REQUIRED ACTION:
Among the records below, find the line that has "Grand Launch of"; from there, give the lines again exactly, and stop after the line that has "Samsung L50 user".

(LISTED ENTRIES)

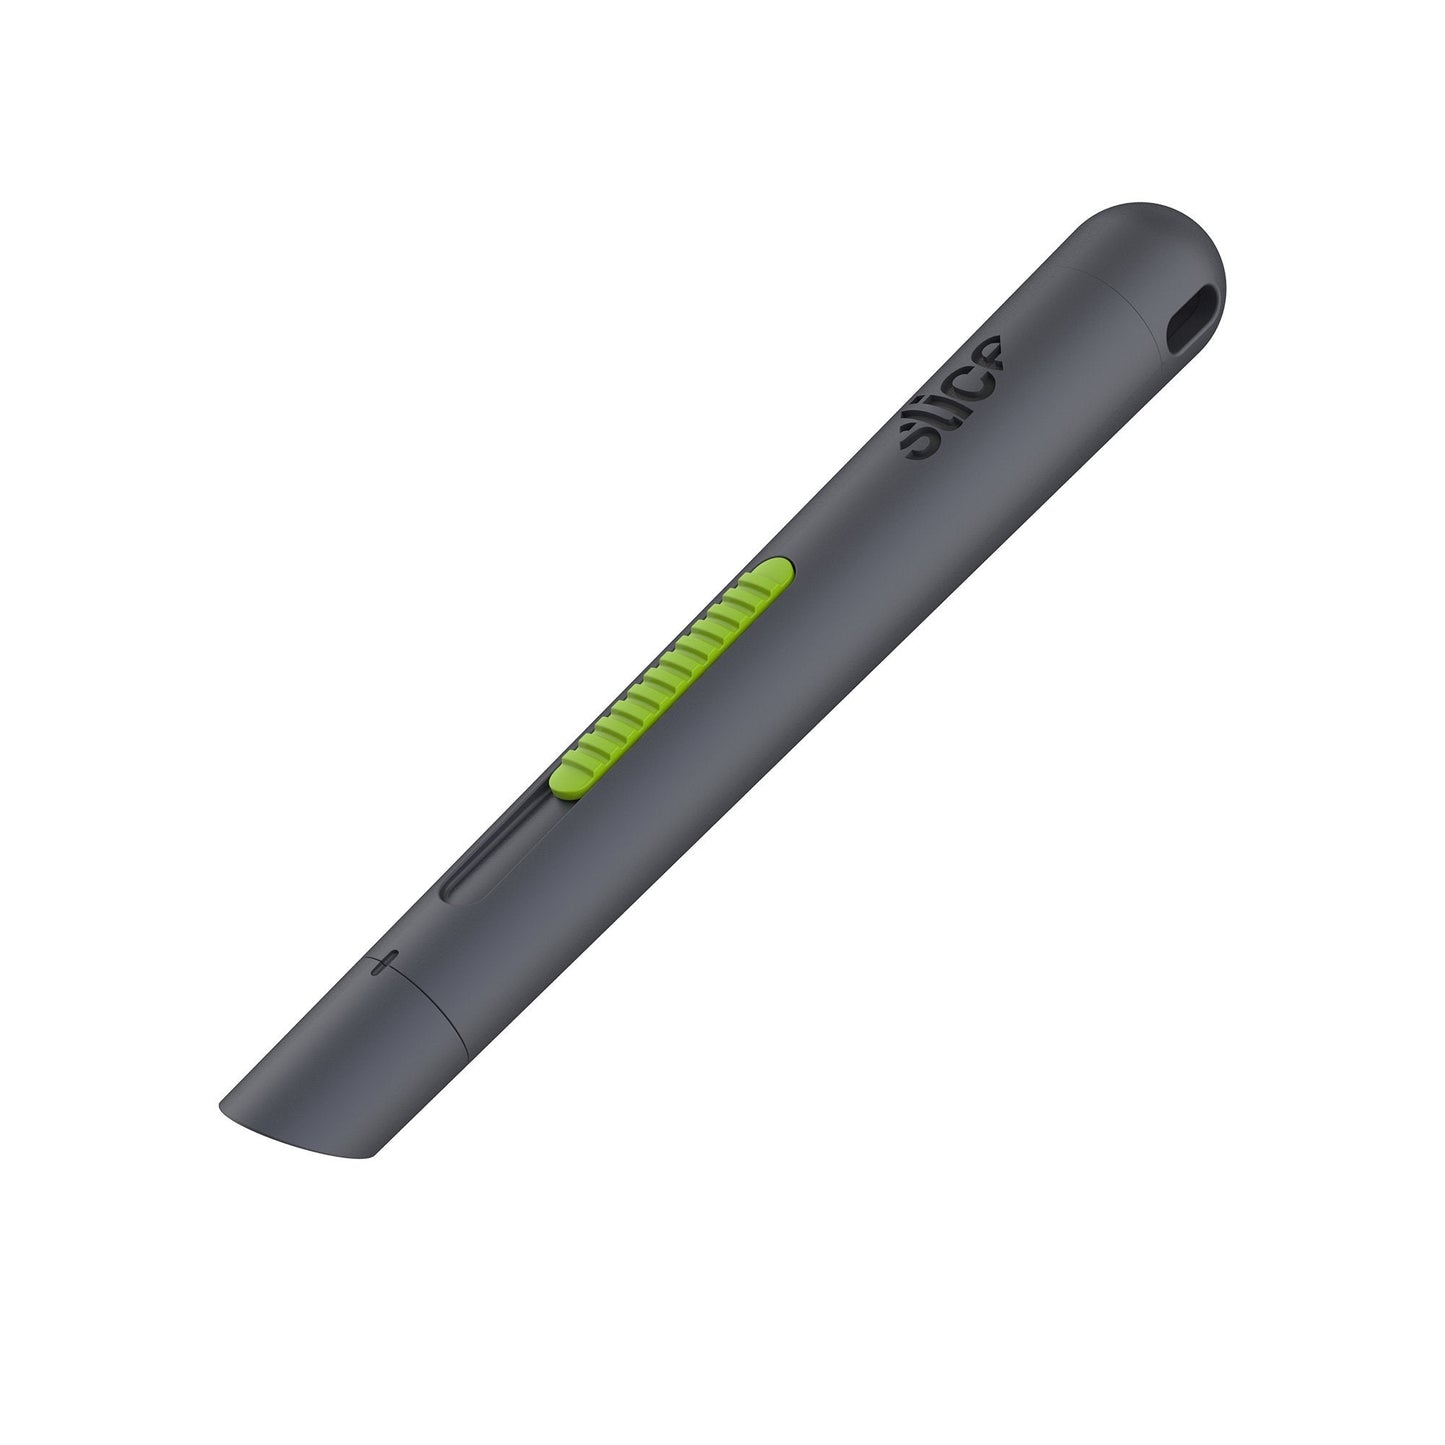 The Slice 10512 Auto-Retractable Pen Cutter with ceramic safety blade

(End LISTED ENTRIES)
(LISTED ENTRIES)

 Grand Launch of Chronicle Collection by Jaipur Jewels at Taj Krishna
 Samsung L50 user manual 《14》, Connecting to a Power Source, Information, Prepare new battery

(End LISTED ENTRIES)
(LISTED ENTRIES)

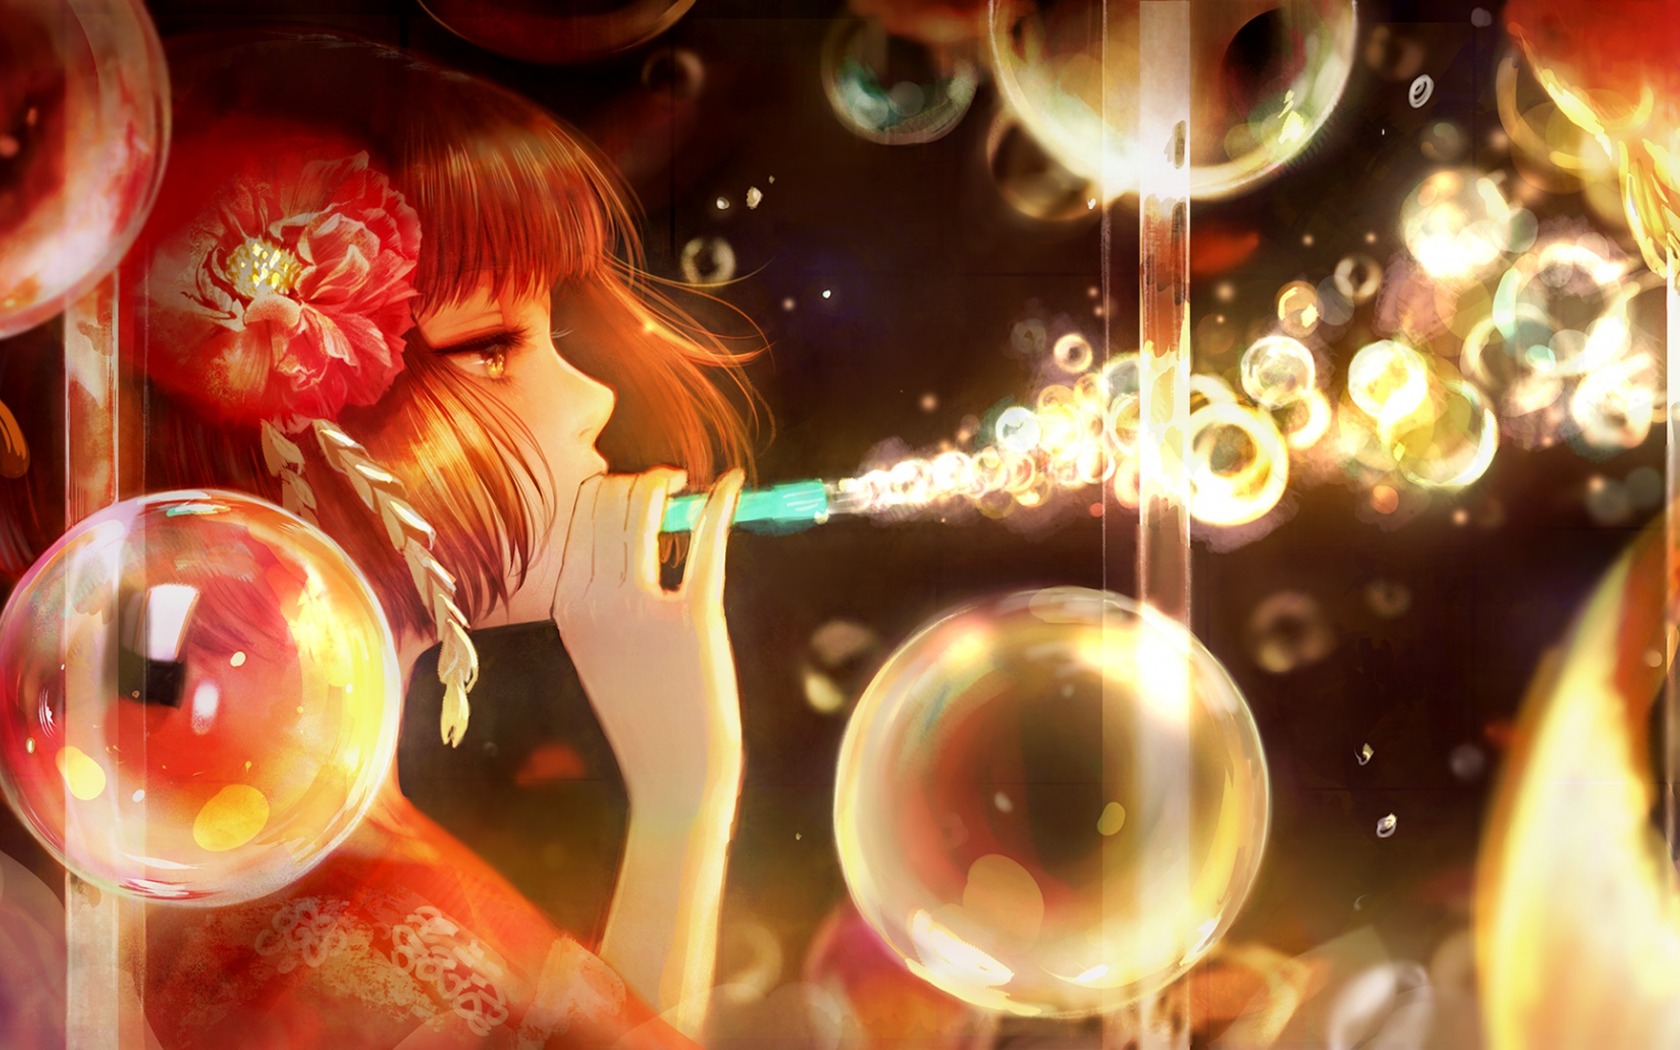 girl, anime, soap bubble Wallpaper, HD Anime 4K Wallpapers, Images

(End LISTED ENTRIES)

EXERCISE RESULT:
 Grand Launch of Chronicle Collection by Jaipur Jewels at Taj Krishna
 Samsung L50 user manual 《14》, Connecting to a Power Source, Information, Prepare new battery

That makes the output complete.